Executive Director of Research and Innovation at Cancer Research UK, Dr Iain Foulkes, said: 'Surgery can effectively cure cancers when they are removed at an early stage. But, in those early stages, it’s near impossible to tell by eye which cancers have spread locally and which have not.  

'We need better tools to spot cancers which have started to spread further. The combined marker dye and imaging system that this research has developed could fundamentally transform how we treat prostate cancer in the future. 

'We hope that this new technique continues to show promise in future trials.
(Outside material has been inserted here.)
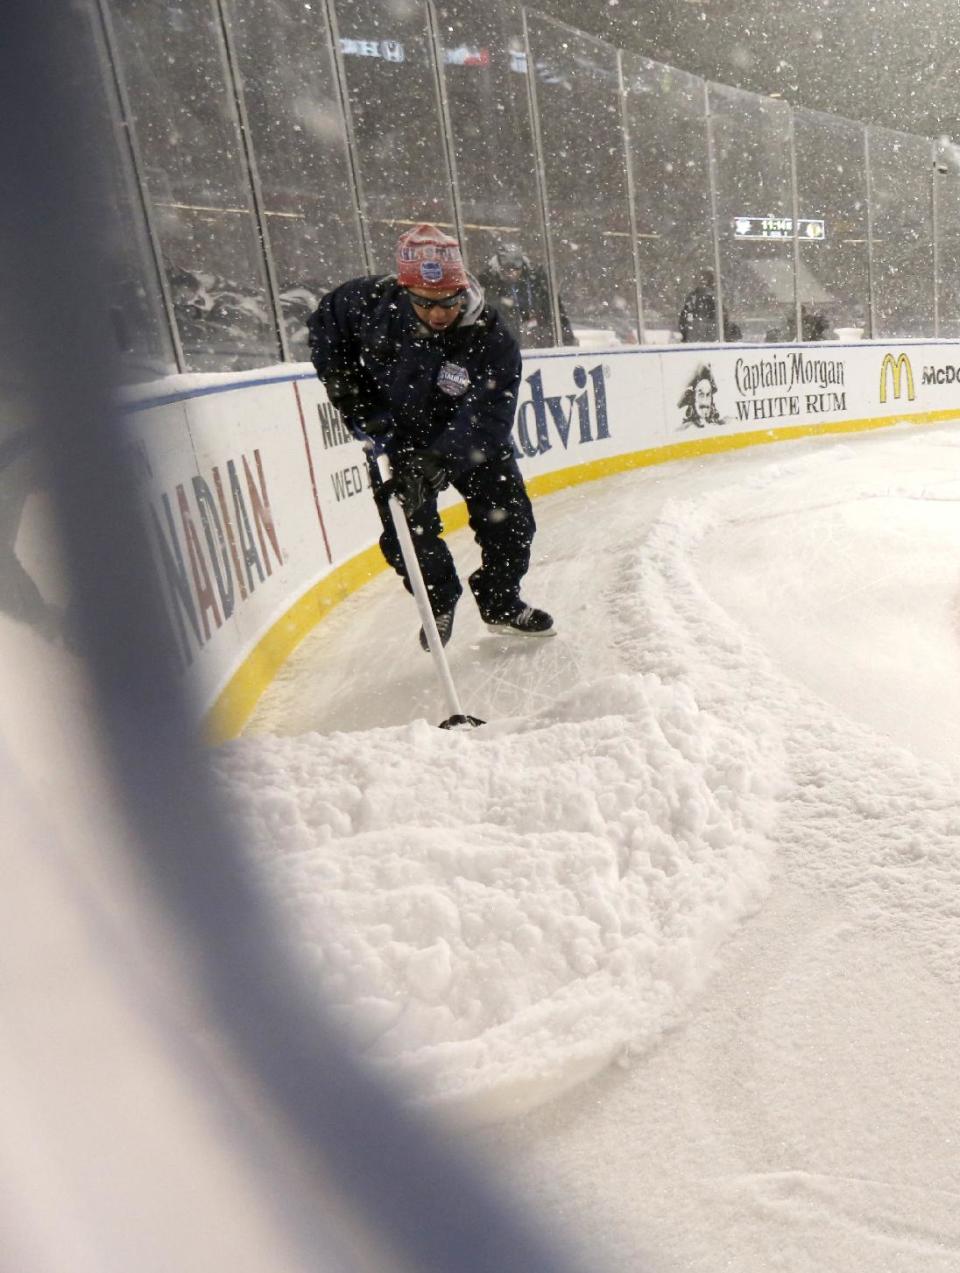 A members of the ice crew removes accumulative snow from the ice during the first period of an NHL Stadium Series hockey game between the Chicago Blackhawks and the Pittsburgh Penguins at Soldier Field on Saturday, March 1, 2014, in Chicago. (AP Photo/Charles Rex Arbogast)

It is exciting that we could soon have access to surgical tools which could reliably eradicate prostate and other cancers and give people longer, healthier lives free from the disease.'

The paper 'First‑in‑man study of the PSMA Minibody IR800‑IAB2M for molecularly targeted intraoperative fluorescence guidance during radical prostatectomy' is published in the European Journal of Nuclear Medicine and Molecular Imaging

The research was funded by Cancer Research UK and supported by Oxford's Nuffield Department of Surgical Sciences, Department of Oncology and NIHR Biomedical Research Centre.